From the data below, return only the lines from the one with "Furniture moving experts Ponda to Punjab" through the one with "En el sorteo", exact and inclusive, with pictures left out.

=== Exercise input ===

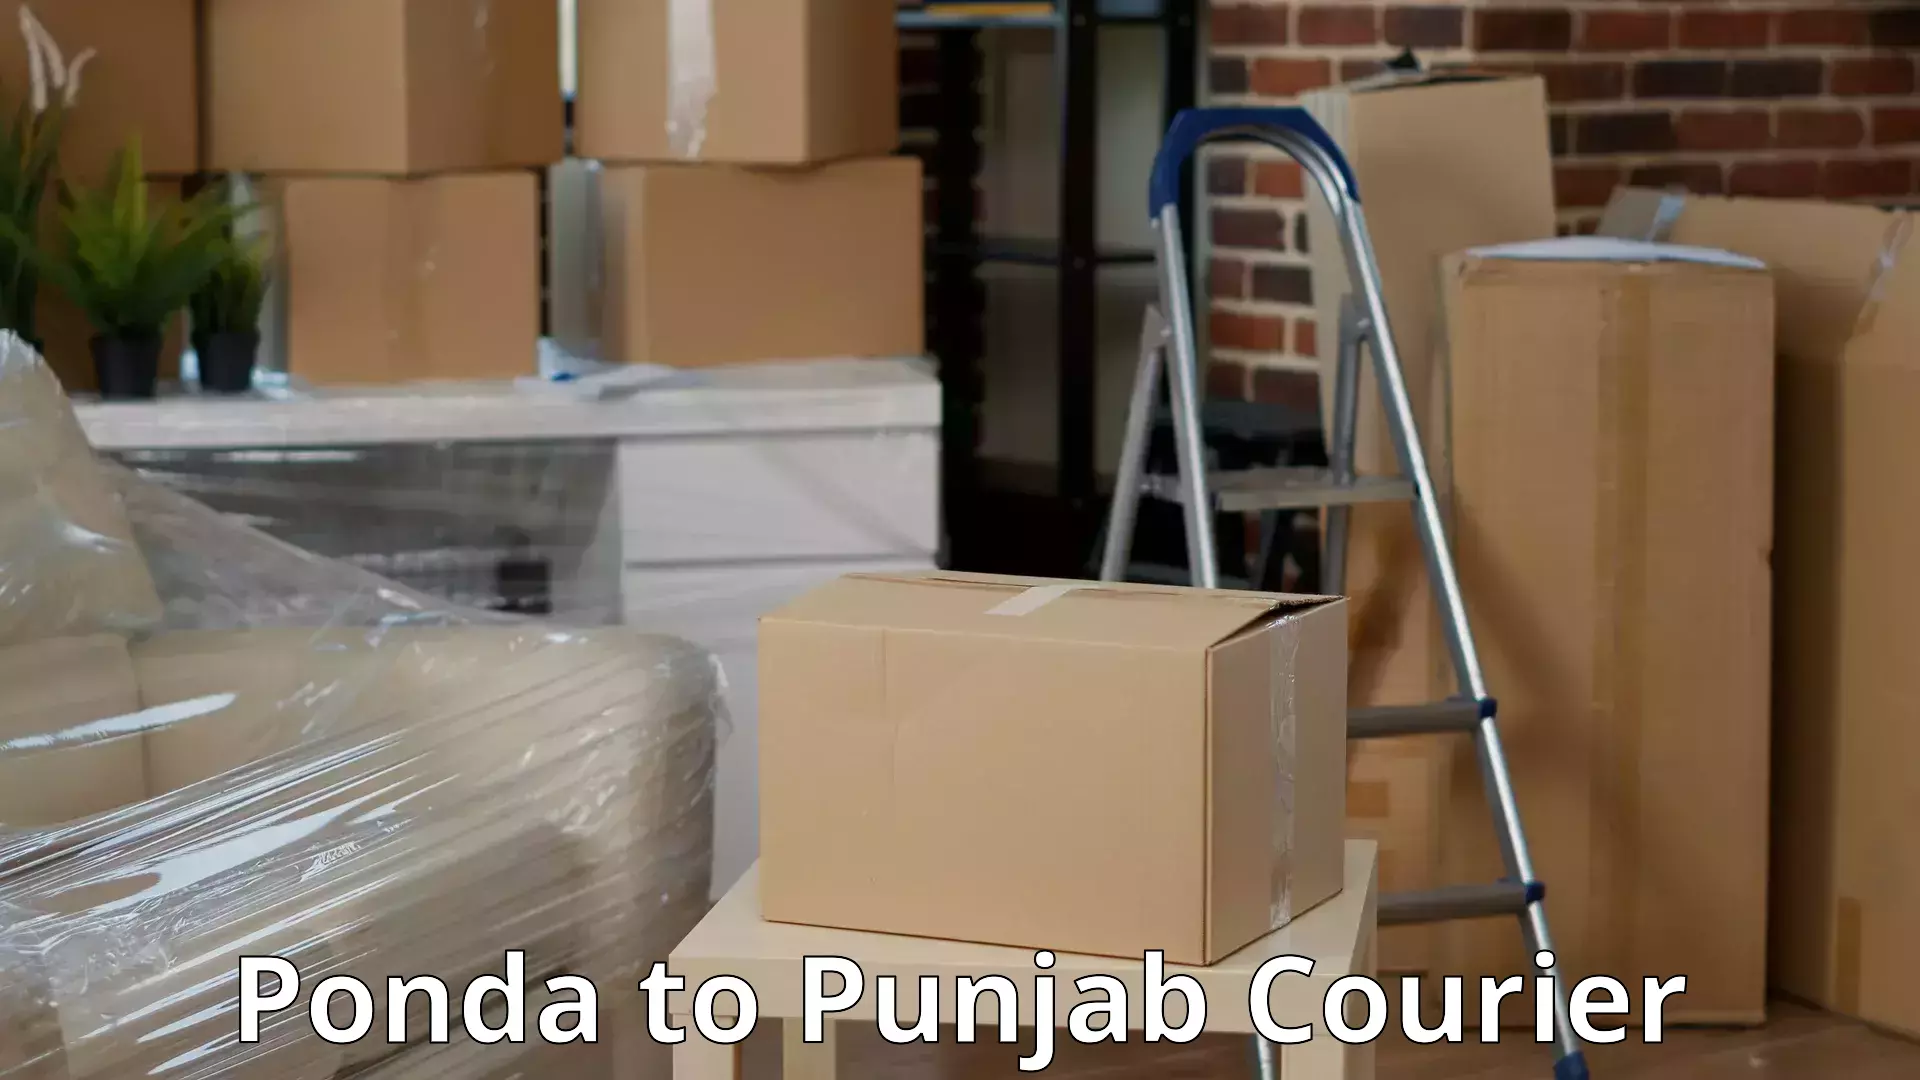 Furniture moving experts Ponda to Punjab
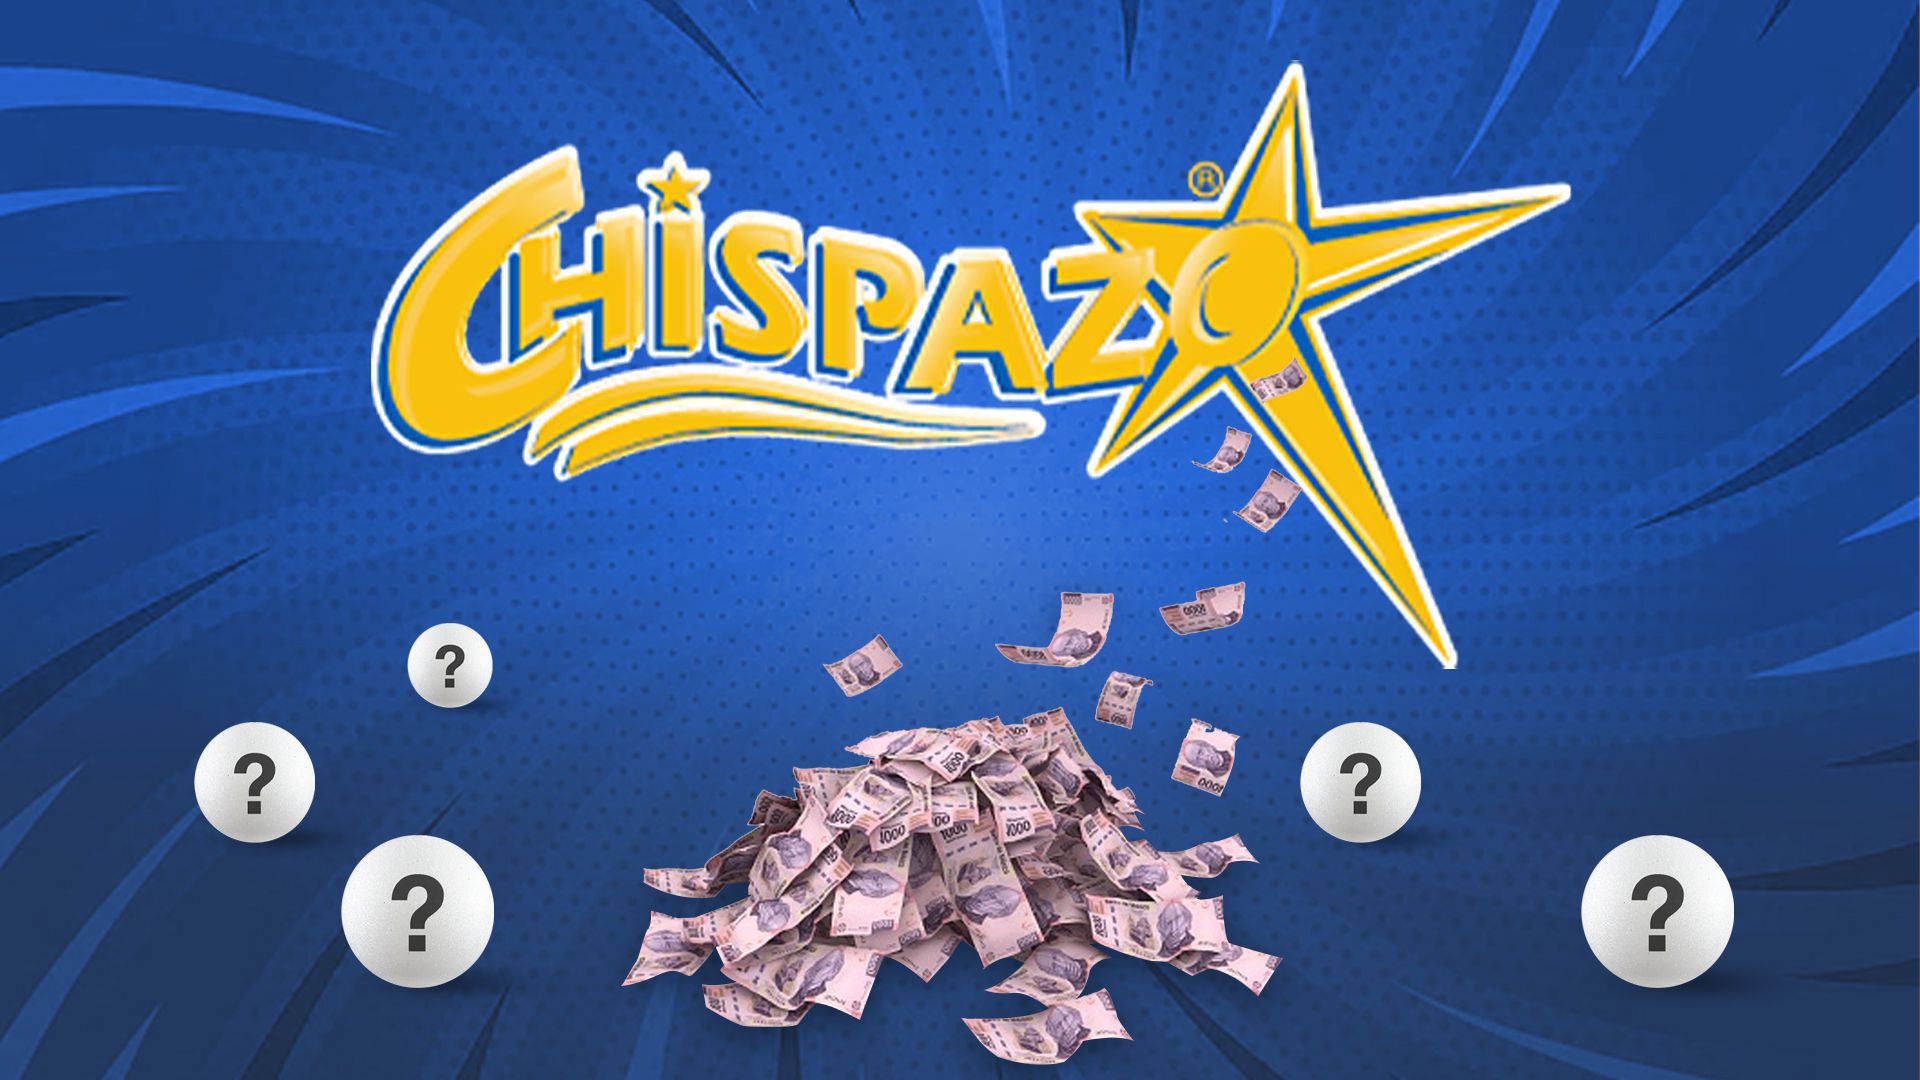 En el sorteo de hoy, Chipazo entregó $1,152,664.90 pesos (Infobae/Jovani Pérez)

===
=== Exercise input ===

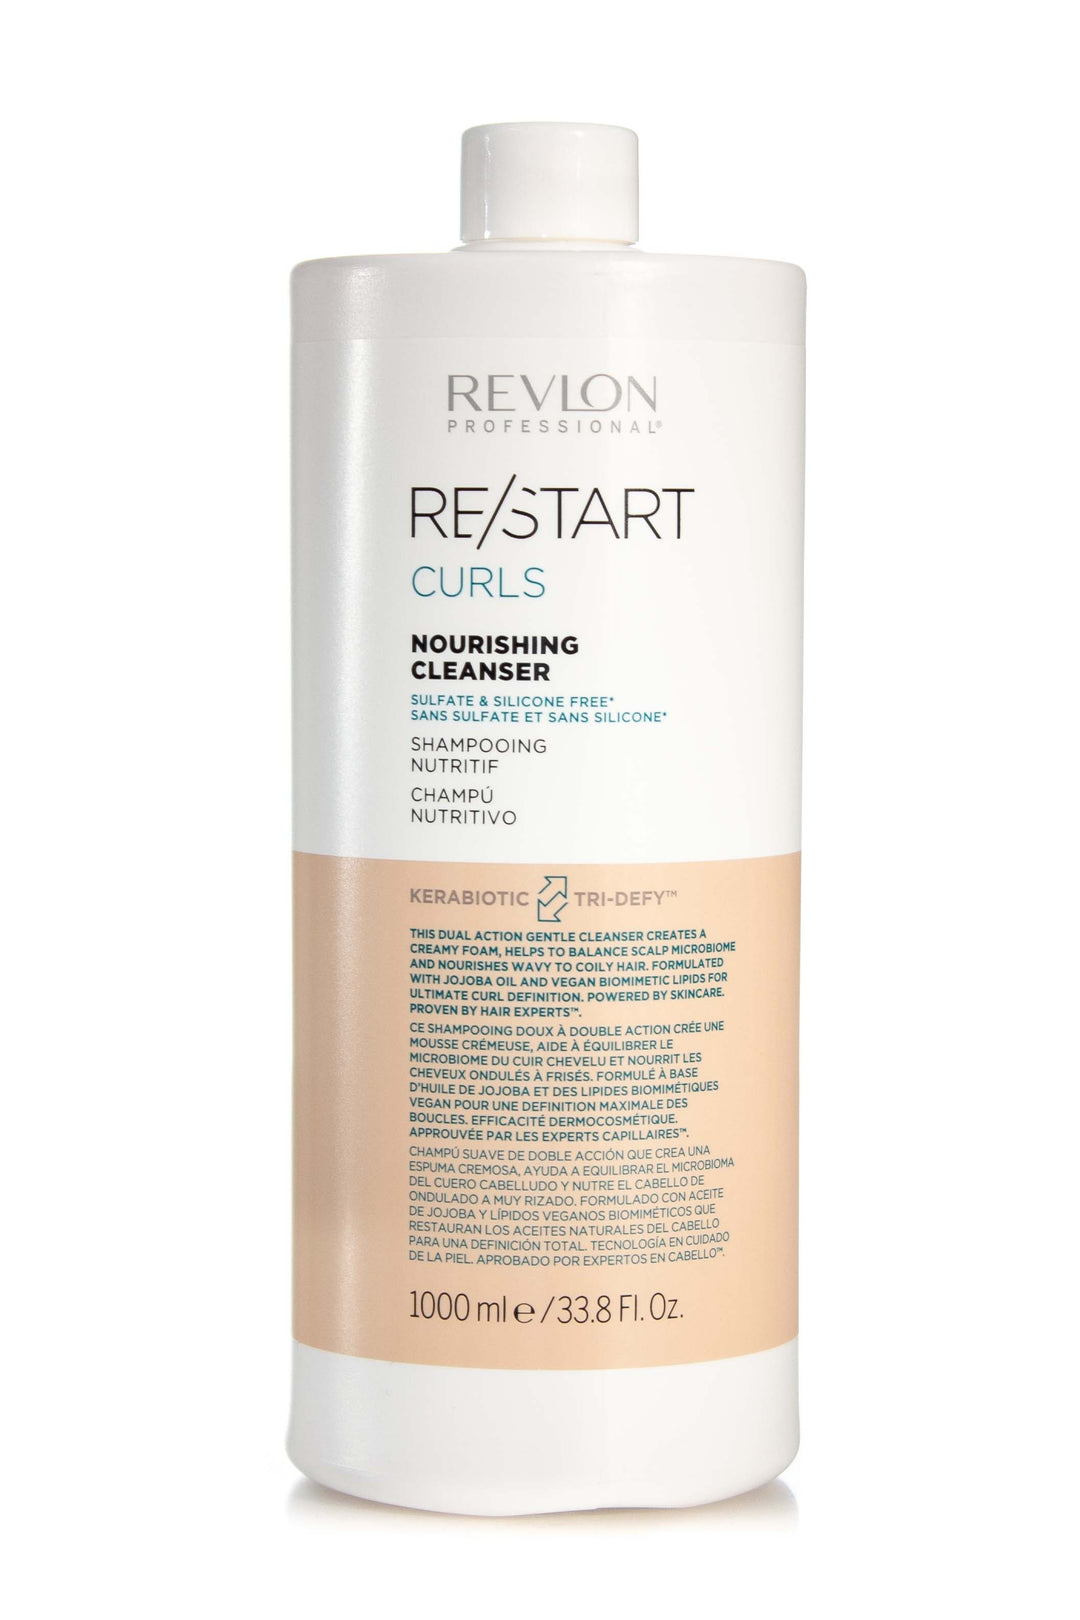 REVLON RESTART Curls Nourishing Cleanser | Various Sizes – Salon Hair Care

===

(Answer)
 Furniture moving experts Ponda to Punjab
 En el sorteo de hoy, Chipazo entregó $1,152,664.90 pesos (Infobae/Jovani Pérez)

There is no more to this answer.